▸ **Given material**
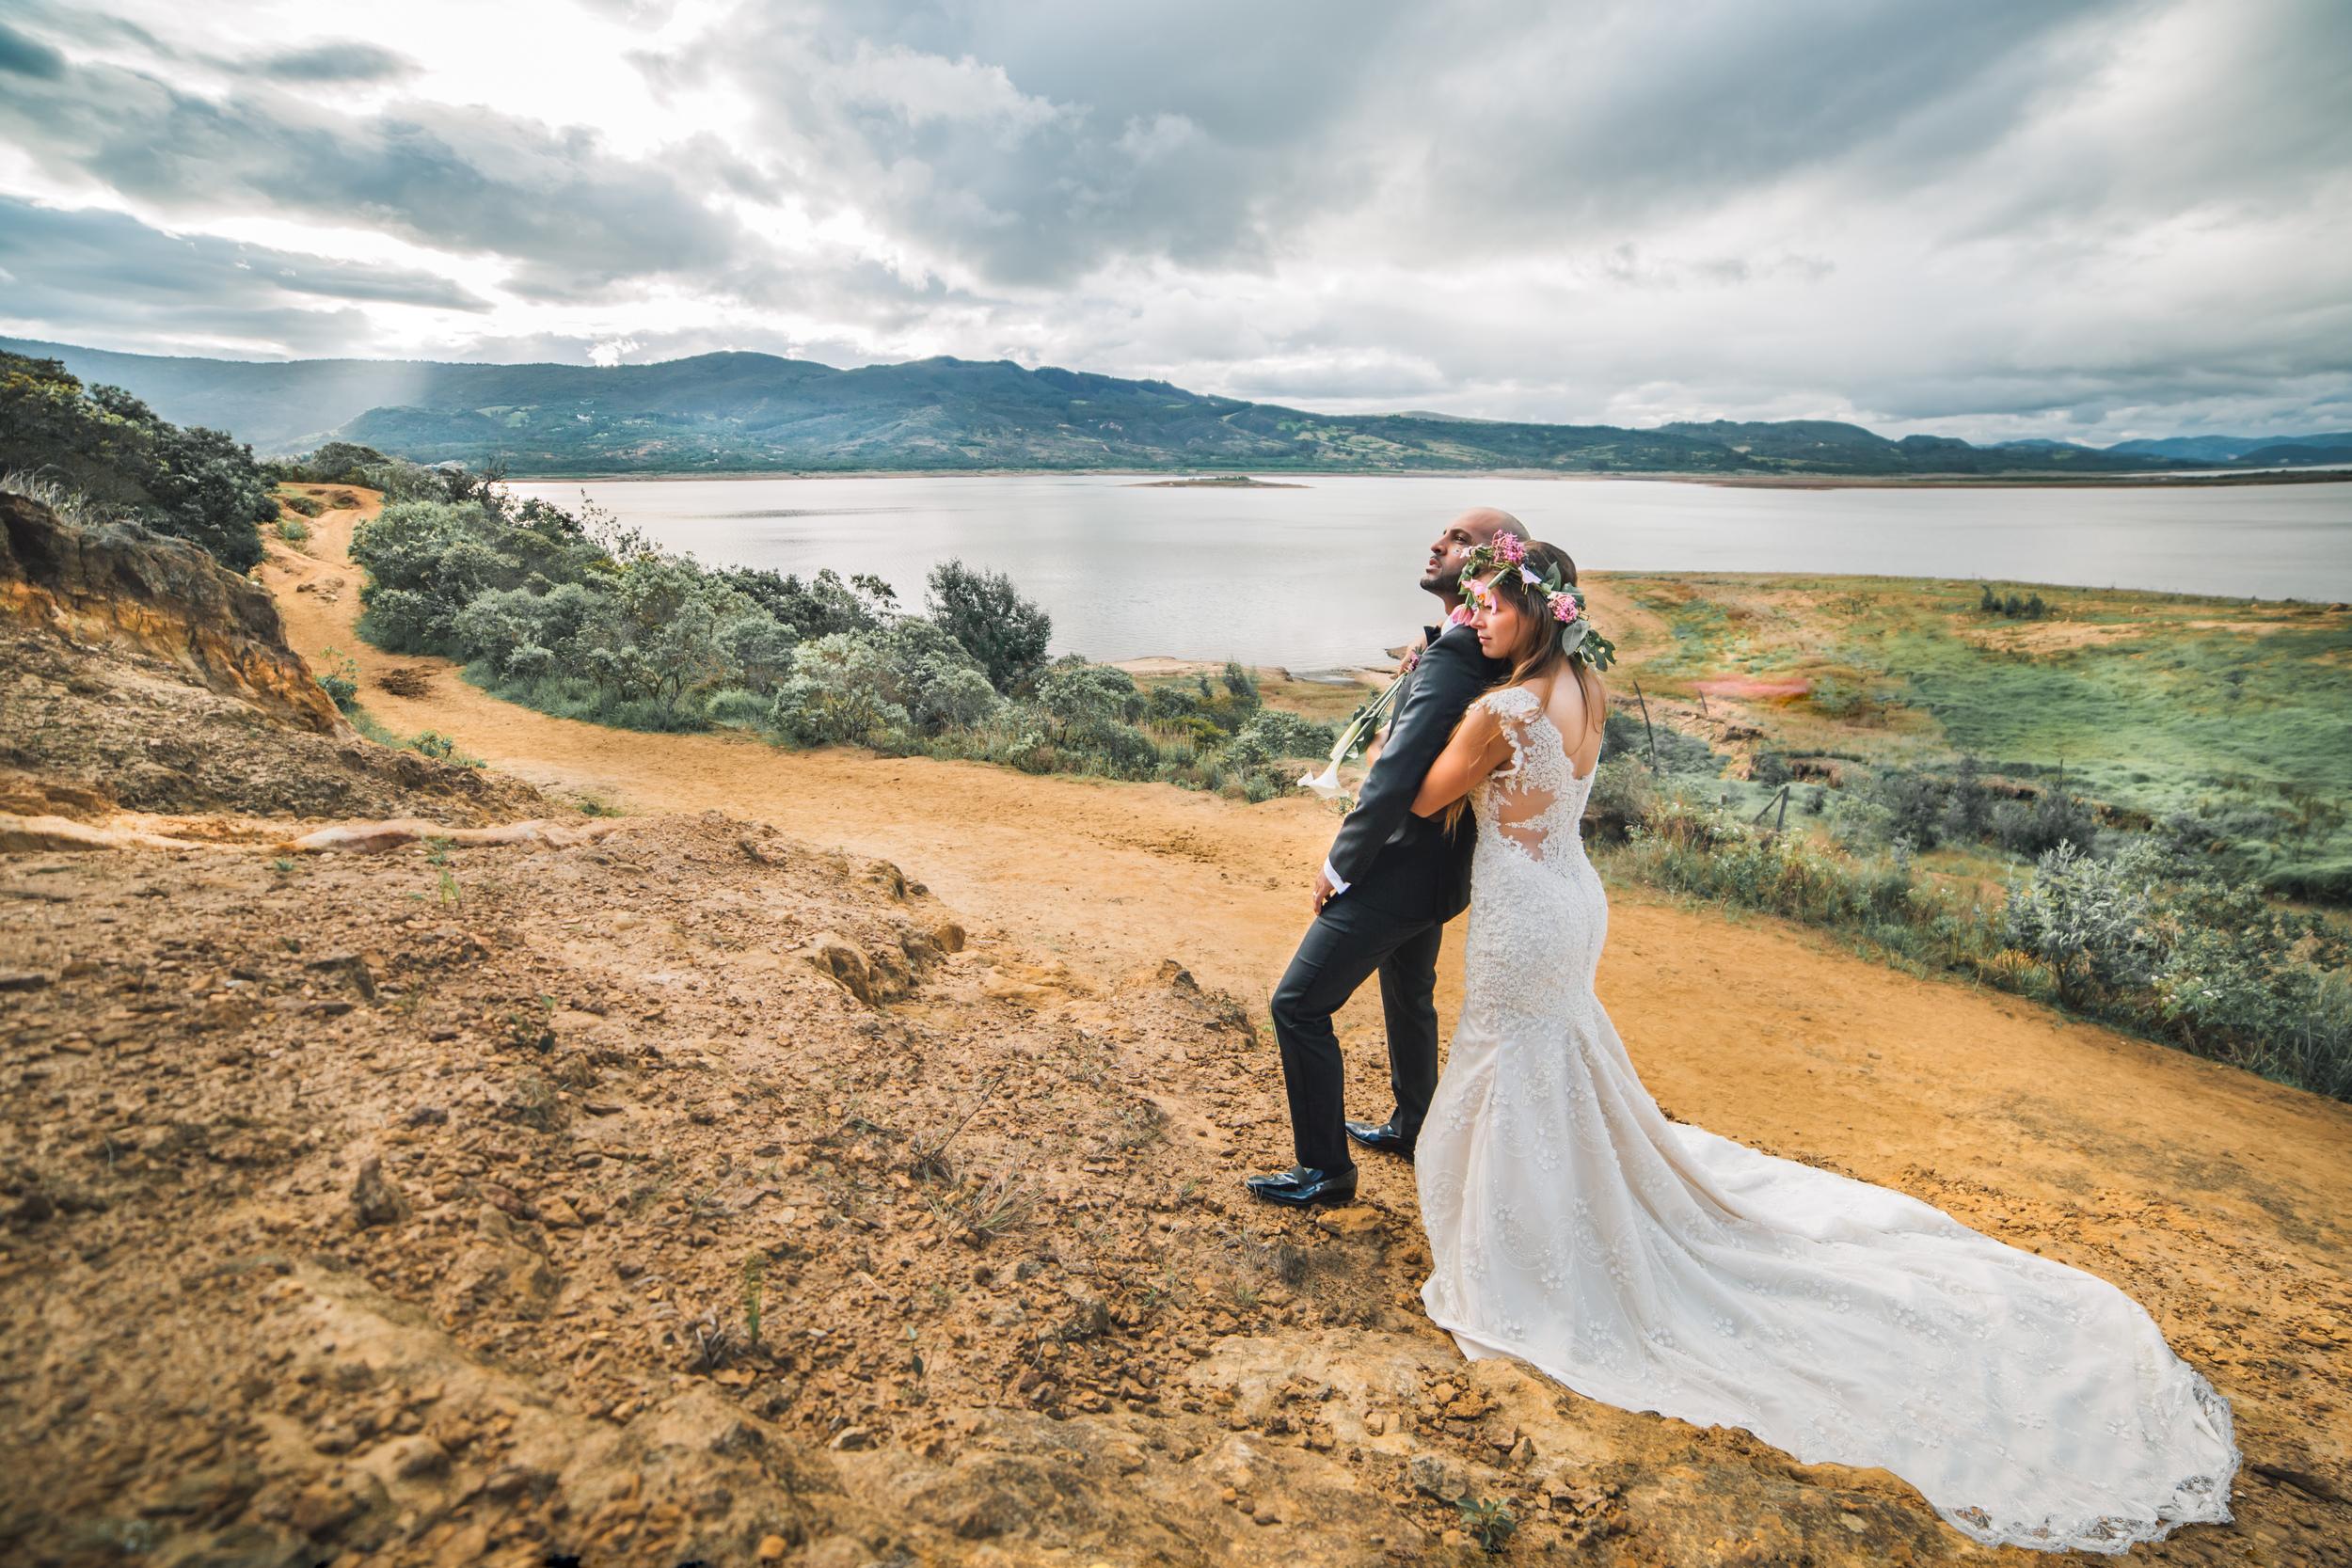 0. Bogota Destination Wedding Colombia Travel Kathryn & Nick June 2016 23.jpg
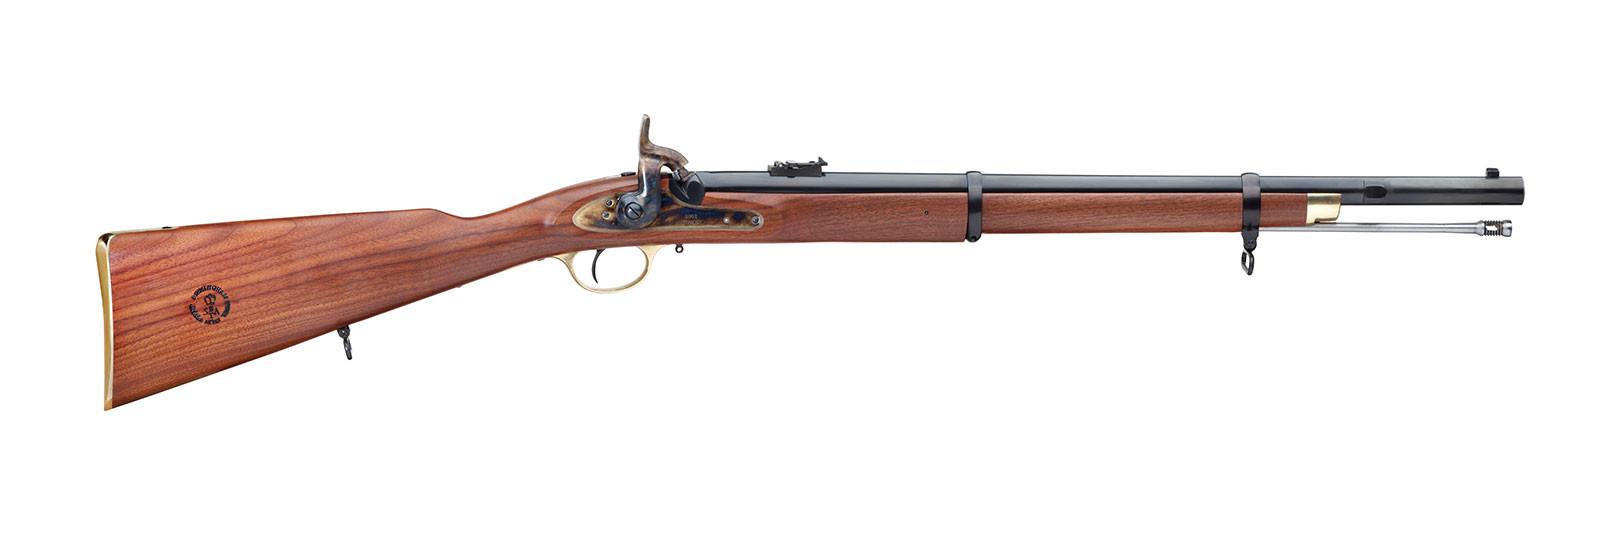 Fucile Enfield Musketoon P1861
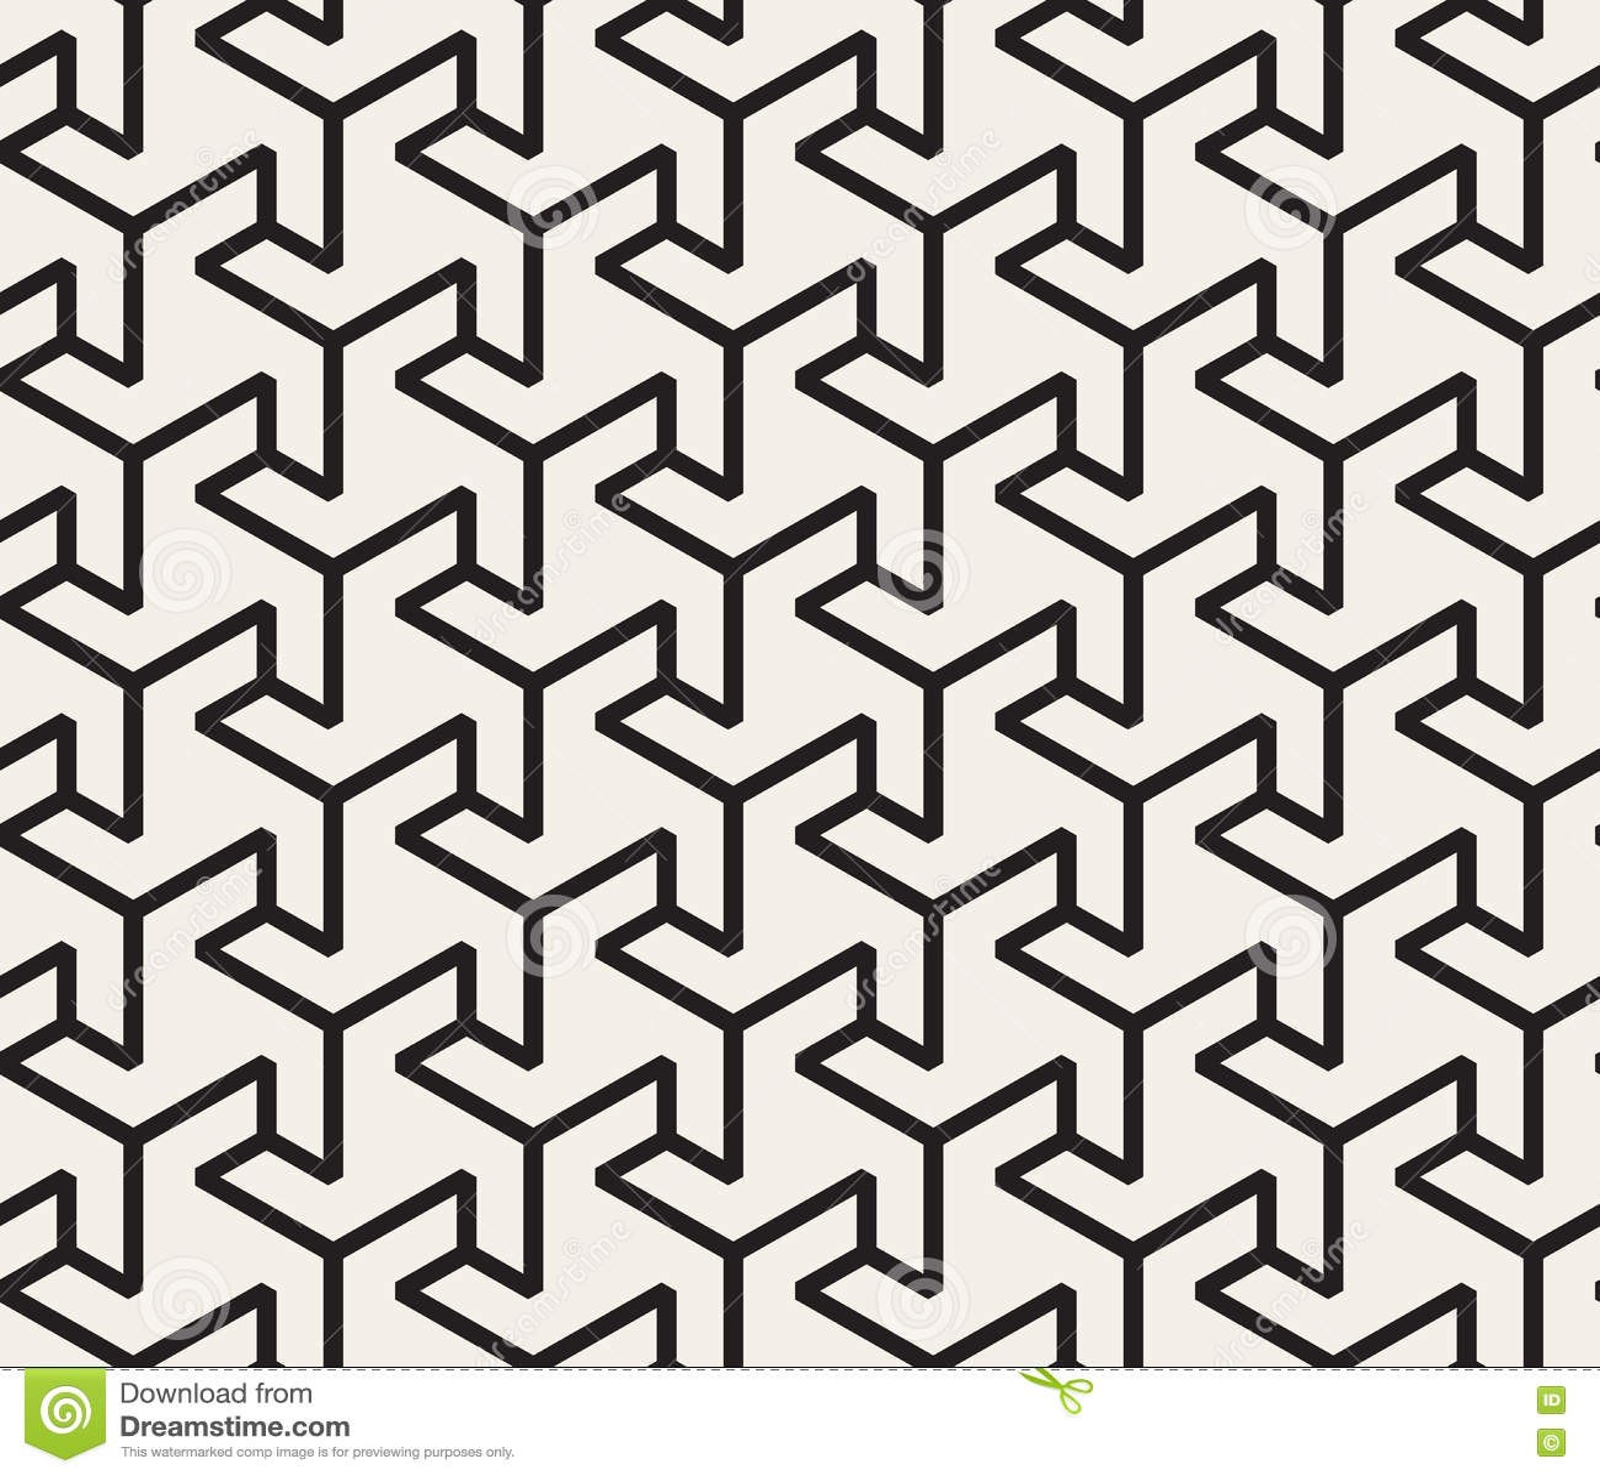 Vector Seamless Black And White Geometric Triangle Shape

▸ **Task brief**
Write out the whole listing exactly, and drop the pictures.

▸ **Solved exercise**
 0. Bogota Destination Wedding Colombia Travel Kathryn & Nick June 2016 23.jpg
 Fucile Enfield Musketoon P1861
 Vector Seamless Black And White Geometric Triangle Shape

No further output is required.